时间复杂度: \(O(m)\) 空间复杂度: \(O(1)\)

def starts_with(self, prefix: str) -> bool:
    """判断是否存在以 prefix 为前缀的单词"""
    node = self.root

    for char in prefix:
        if char not in node.children:
            return False
        node = node.children[char]

    # 只要能走到这里,说明前缀存在
    return True

时间复杂度: \(O(m)\) 空间复杂度: \(O(1)\)

def delete(self, word: str) -> bool:
    """删除一个单词"""
    def _delete(node: TrieNode, word: str, index: int) -> bool:
        if index == len(word):
            # 到达单词末尾
            if not node.is_end_of_word:
                return False  # 单词不存在

            node.is_end_of_word = False
            # 如果没有子节点,可以删除
            return len(node.children) == 0

        char = word[index]
        if char not in node.children:
            return False  # 单词不存在

        child = node.children[char]
        should_delete_child = _delete(child, word, index + 1)

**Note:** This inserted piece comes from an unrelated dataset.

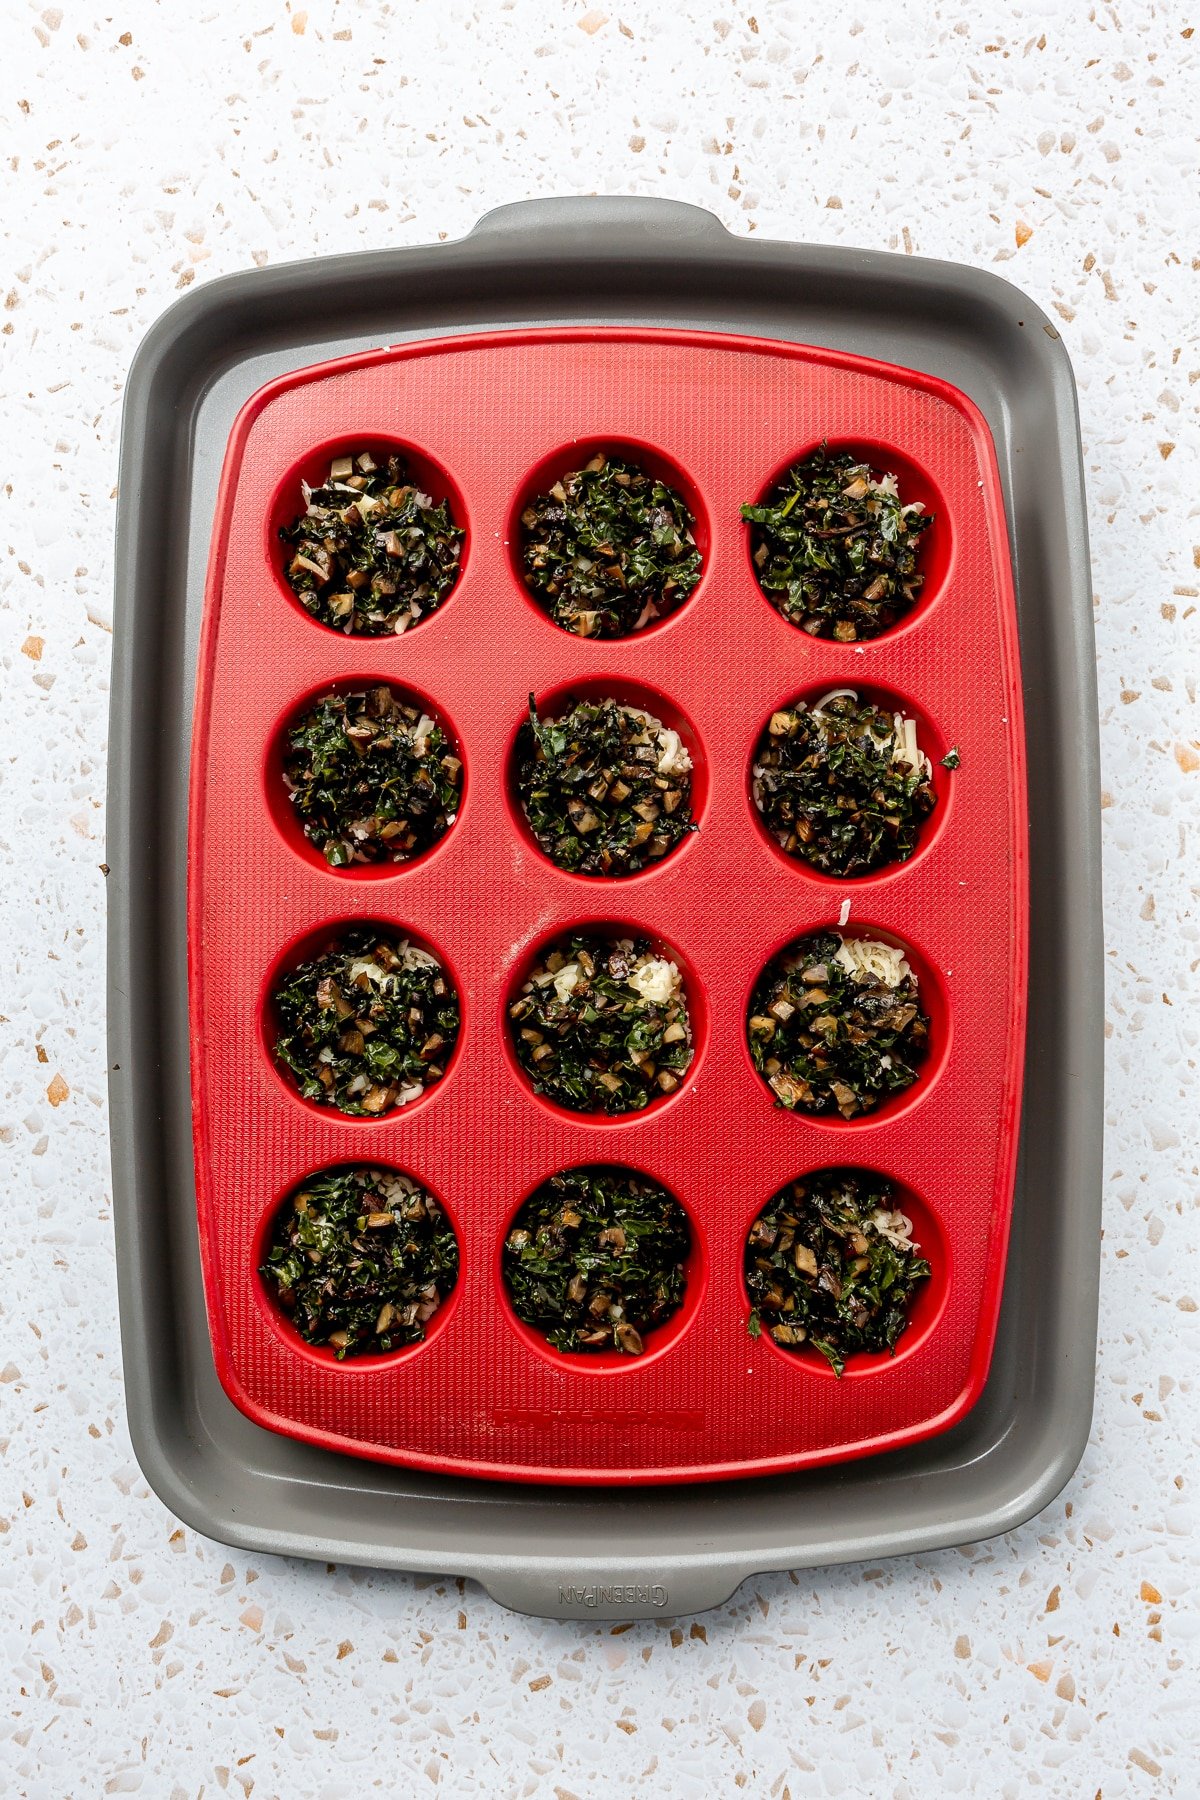 The roasted mushrooms and kale have been placed into a red, silicone muffin tray which sits on a metal baking tray.

        if should_delete_child:
            del node.children[char]
            # 如果当前节点不是单词结尾且没有其他子节点,可以删除
            return not node.is_end_of_word and len(node.children) == 0

        return False

    return _delete(self.root, word, 0)

时间复杂度: \(O(m)\) 空间复杂度: \(O(m)\) (递归栈)

进阶操作¶

获取所有前缀单词统计前缀单词数量

def find_words_with_prefix(self, prefix: str) -> list[str]:
    """返回所有以 prefix 开头的单词"""
    node = self.root

    # 先找到前缀对应的节点
    for char in prefix:
        if char not in node.children:
            return []
        node = node.children[char]

    # DFS 收集所有单词
    result = []

    def dfs(node: TrieNode, path: str):
        if node.is_end_of_word:
            result.append(prefix + path)

        for char, child in node.children.items():
            dfs(child, path + char)

    dfs(node, "")
    return result

def count_words_with_prefix(self, prefix: str) -> int:
    """统计以 prefix 开头的单词数量"""
    node = self.root

    for char in prefix:
        if char not in node.children:
            return 0
        node = node.children[char]

    # DFS 统计
    def dfs(node: TrieNode) -> int:
        count = 1 if node.is_end_of_word else 0
        for child in node.children.values():
            count += dfs(child)
        return count

    return dfs(node)

变体¶

压缩 Trie (Radix Tree)后缀 Trie带计数的 Trie

将只有一个子节点的路径压缩成一个节点,节省空间。

class RadixNode:
    def __init__(self, label: str = ""):
        self.label = label  # 边上的字符串
        self.children = {}
        self.is_end_of_word = False

存储一个字符串的所有后缀,用于字符串匹配。

每个节点记录经过该节点的单词数量。

class TrieNode:
    def __init__(self):
        self.children = {}
        self.is_end_of_word = False
        self.count = 0  # 经过该节点的单词数量

典型应用场景¶

自动补全拼写检查词频统计

def autocomplete(self, prefix: str, limit: int = 10) -> list[str]:
    """返回最多 limit 个以 prefix 开头的单词"""
    words = self.find_words_with_prefix(prefix)
    return words[:limit]

def spell_check(self, word: str) -> list[str]:
    """返回与 word 相似的单词(编辑距离为1)"""
    suggestions = []

    # 1. 删除一个字符
    for i in range(len(word)):
        candidate = word[:i] + word[i+1:]
        if self.search(candidate):
            suggestions.append(candidate)

    # 2. 替换一个字符
    for i in range(len(word)):
        for c in 'abcdefghijklmnopqrstuvwxyz':
            candidate = word[:i] + c + word[i+1:]
            if self.search(candidate):
                suggestions.append(candidate)

    # 3. 插入一个字符
    for i in range(len(word) + 1):
        for c in 'abcdefghijklmnopqrstuvwxyz':
            candidate = word[:i] + c + word[i:]
            if self.search(candidate):
                suggestions.append(candidate)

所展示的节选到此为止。